Fred si sta sacrificando molto. Lo stiamo facendo tutti a dire il vero, ma lui di più. E questi sforzi non vengono ripagati da molto, da troppo tempo. Non abbastanza. Ed è sempre la sera il momento in cui penso a tutto questo, l'istante in cui mi piomba addosso e mi schiaccia sul cuscino o in qualunque altro posto io mi trovi. 
E se non lo dico a voce alta è perché non voglio che questa preoccupazione ci stringa alla gola come ha già fatto in mesi abbastanza vicini da ricordarli nitidamente. Dunque che si fa? si stringono ancora i denti, si va avanti, si spera che l'economia riprenda e non vada ancor più a picco di così. 

Non so neanche esprimere a parole quanto detesti indugiare in questo tipo di pensieri. Quanto profondamente mi disturbi averli scritti ora qui sopra e magari pubblicarli prima che un dito più veloce non cancelli tutto e li lasci esattamente dove dovrebbero stare. Dentro di me.
Ma chissà, forse se li lascio qui andranno via. Spariranno. Come per magia verranno tolti dalla mia scatola cranica e poi da quella toracica, perché si sa che i pensieri importanti si depositano sia nel cervello che nel cuore. Stazionano lì, a volte un po' più in alto, altre un po' più in basso, ma pronti a tagliuzzarti come lame al primo movimento sbagliato. E si, lo diceva mia zia. Cammina dritta, come se avessi un libro sulla testa e non volessi farlo cadere. 

martedì 29 settembre 2020

La Rispostaccia

 


E' stata una giornata lunga. 
Lo sono tutte, in realtà. 
Ma ora sono sul letto, adagiata come una musa su un canapè, fresca di doccia e di creme profumate, abbastanza rilassata da poterla ripercorrere senza imbronciarmi troppo.

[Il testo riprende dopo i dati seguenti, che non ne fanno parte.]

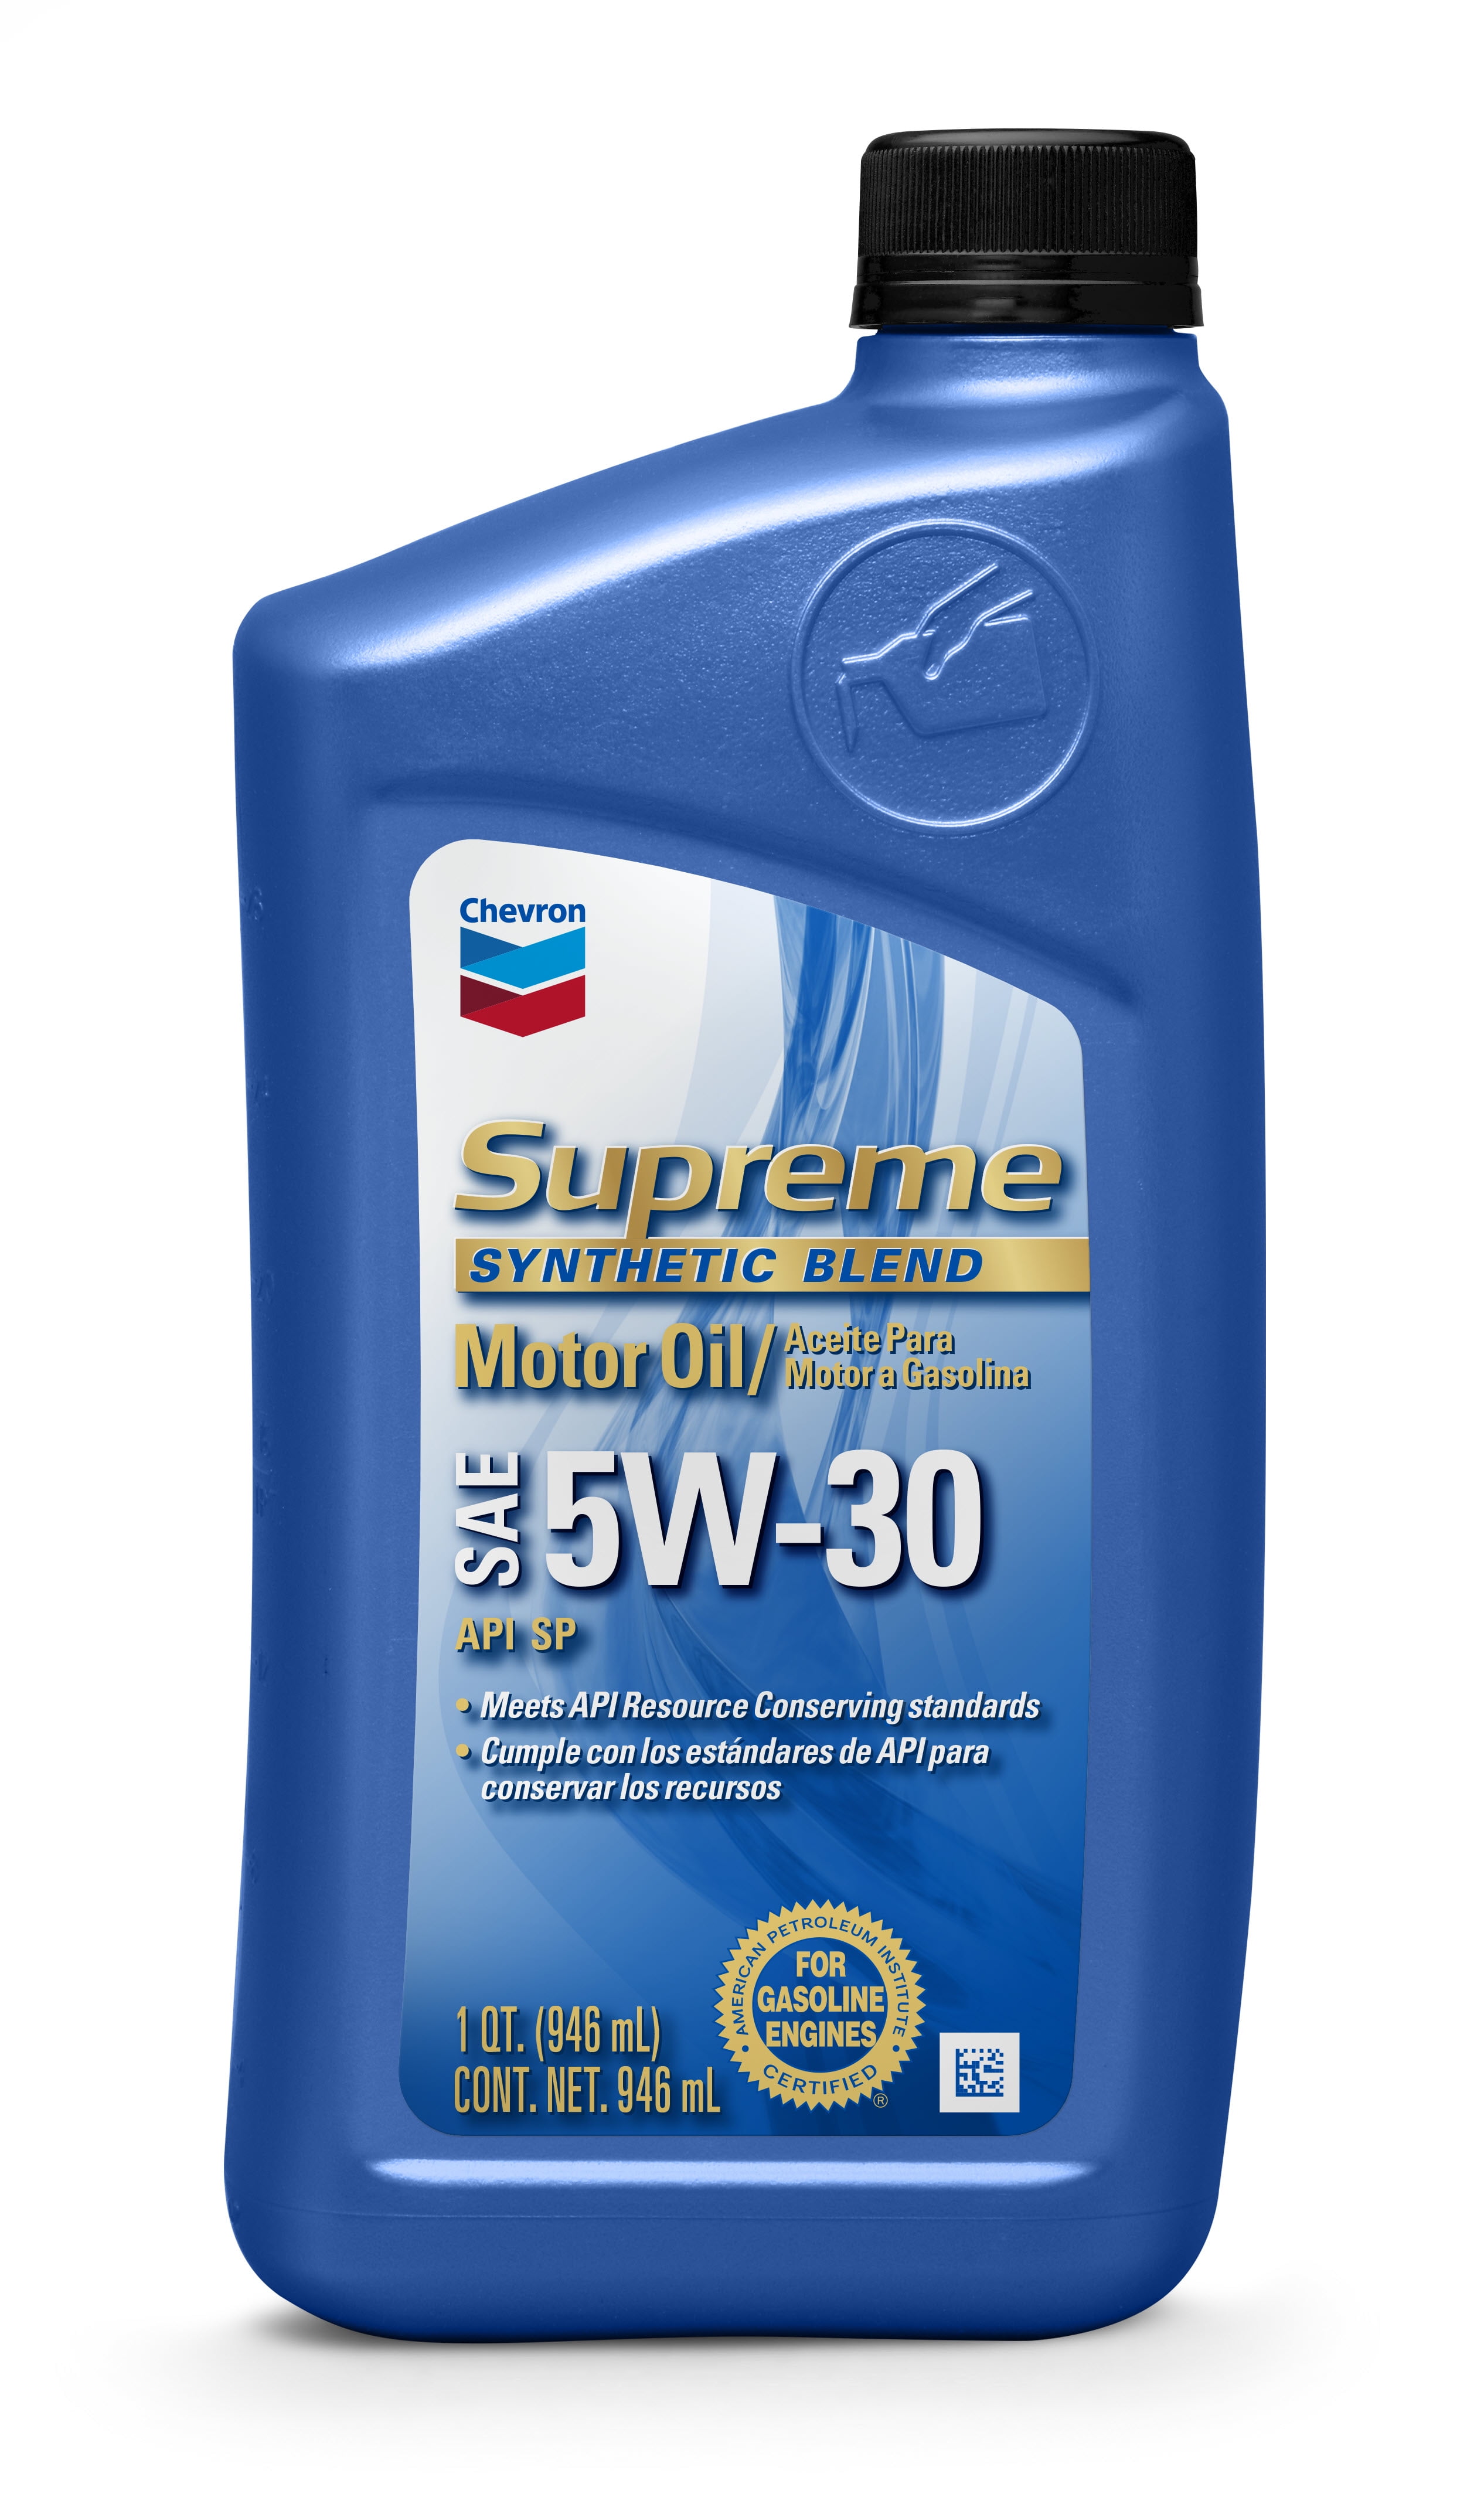 Chevron Supreme Synthetic Blend Motor Oil 5W 30 1 Quart Walmart

Ho risposto male ad un cliente oggi. 
E non ne sono felice.
Perché non è questo il momento di perdere clienti e facendo questo mestiere da tredici anni dovrei essere ormai vaccinata contro le provocazioni e le persone il cui unico spasso sia quello di farmi fumare il cervello.
Dovrei esserlo, certo. 
E invece poi capita che in un giorno qualunque, in cui vi sia persino un bel sole e non si possa dar la colpa al tempo, la misura diventi colma e il catino trasbordi. E allora quel cliente paga per sé stesso e per gli altri, anche per quel suo amico che solo due giorni prima era stato sgarbato mentre lui da dietro lo aizzava. 
Non sono fiera di me e non penso che le sue provocazioni ormai quotidiane giustifichino la mia rispostaccia. 
Che così brutte non ne avevo date mai, mai in tanti anni. 
Per un attimo ho gettato nel secchio la mia professionalità, senza pensare alle conseguenze pratiche e mentali del mio gesto. Volevo che la smettesse, volevo che per una volta si rendesse conto di aver passato il segno. E invece l'ho passato io, così brava a castigarmi che metà basterebbe. 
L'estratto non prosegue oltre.